Vor allem zwei Dinge sind es, die an Voskuils „Büro“-Epos faszinieren, sowohl als Lektüre wie auch als literarisches bzw. gesellschaftliches Phänomen. Da ist zum einen die schiere Unglaublichkeit, dass dieser über 800 Seiten starke Band tatsächlich von der ersten bis zur letzten Zeile ein kurzweiliges Lesevergnügen darstellt, obwohl praktisch nichts passiert und auch kein Spannungsmoment vorhanden ist. Zum anderen kann und sollte man sich dem Hype, den das Buch seit seiner Veröffentlichung Mitte der 1990er Jahre in den Niederlanden ausgelöst hat, nicht entziehen (Gerd Busse informiert darüber in einem Nachwort). „Das Büro“ wurden mit Preisen überhäuft, Fanclubs wurden gegründet (nicht selten Bürogemeinschaften), Theaterwerke entstanden und wie bei Harry Potter oder dem neuen iPod versammelten sich Menschenmassen morgens vor den Buchhandlungen, wenn die Veröffentlichung eines weiteren Bandes anstand. Und das reale „Büro“ am Amsterdamer Stadtrand? Dort wurden Führungen veranstaltet, bei denen die Mitarbeiter Namensschilder mit sowohl ihrem wirklichen Namen als auch dem ihres Roman-Egos trugen. Unnötig zu betonen, dass sich unzählige wissenschaftliche Arbeiten mit den soziologischen Hintergründen des phänomenalen Erfolgs von „Das Büro“ befassen.

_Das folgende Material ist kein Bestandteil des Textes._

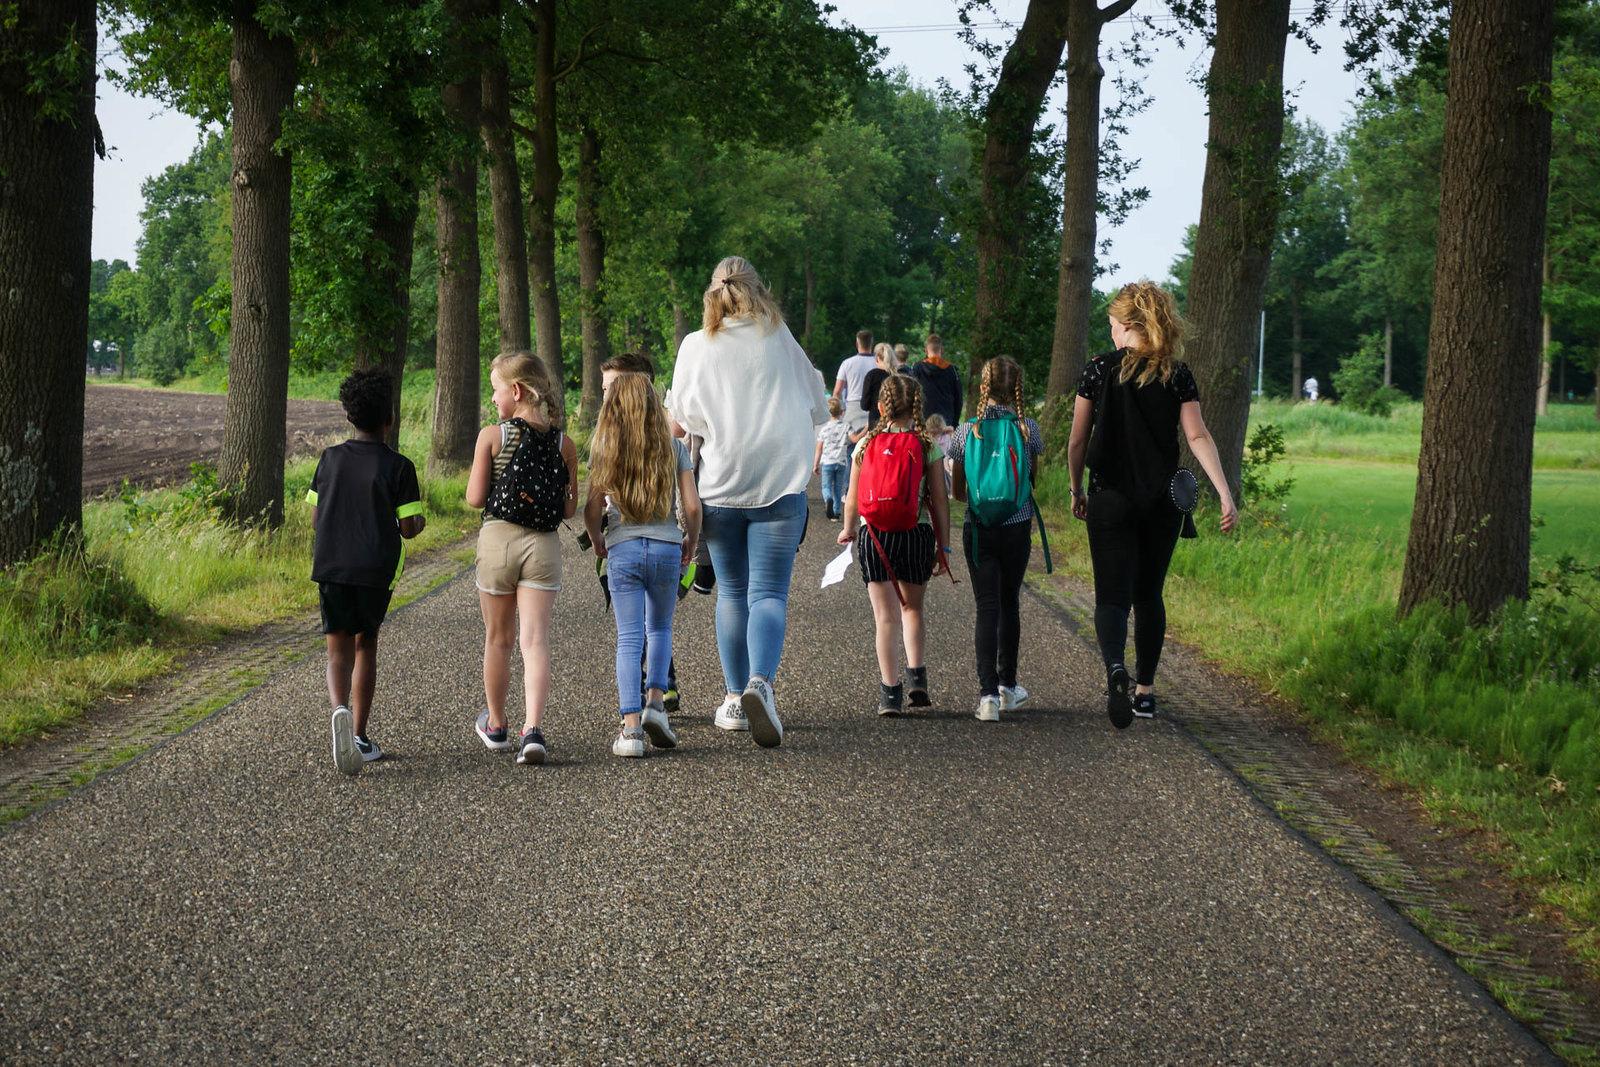 Geslaagde editie Avond4daagse Oirschot & FinishFeest 2019

Eine besondere Ironie ist außerdem, dass sich mittlerweile immer mehr Menschen für die bis dato komplett unbeachteten volkskundlichen Arbeiten Voskuils interessieren (z.B. die Nachgeburt des Pferdes). Was der Autor davon gehalten hätte, kann man sich denken. Dazu befragen kann man ihn leider nicht mehr. J.J. Voskuil ist 2008 im Alter von 81 Jahren gestorben. Schwer erkrankt nahm er Sterbehilfe in Anspruch. Als Todestag wählte er den 1. Mai, den „Tag der Arbeit“.
Eine Ankündigung über das weitere Erscheinen der „Büro“-Serie steht bislang noch aus. Man kann nur hoffen, dass der Verlag an dem Projekt festhält und bald auch die noch fehlenden Bände in deutscher Sprache vorliegen werden.
Exklusivbeitrag
J.J. Voskuil: Das Büro. Direktor Beerta. Aus dem Niederländischen von Gerd Busse. ISBN 978-3-406-63733-9 25 € Verlag C.H. Beck München 2012.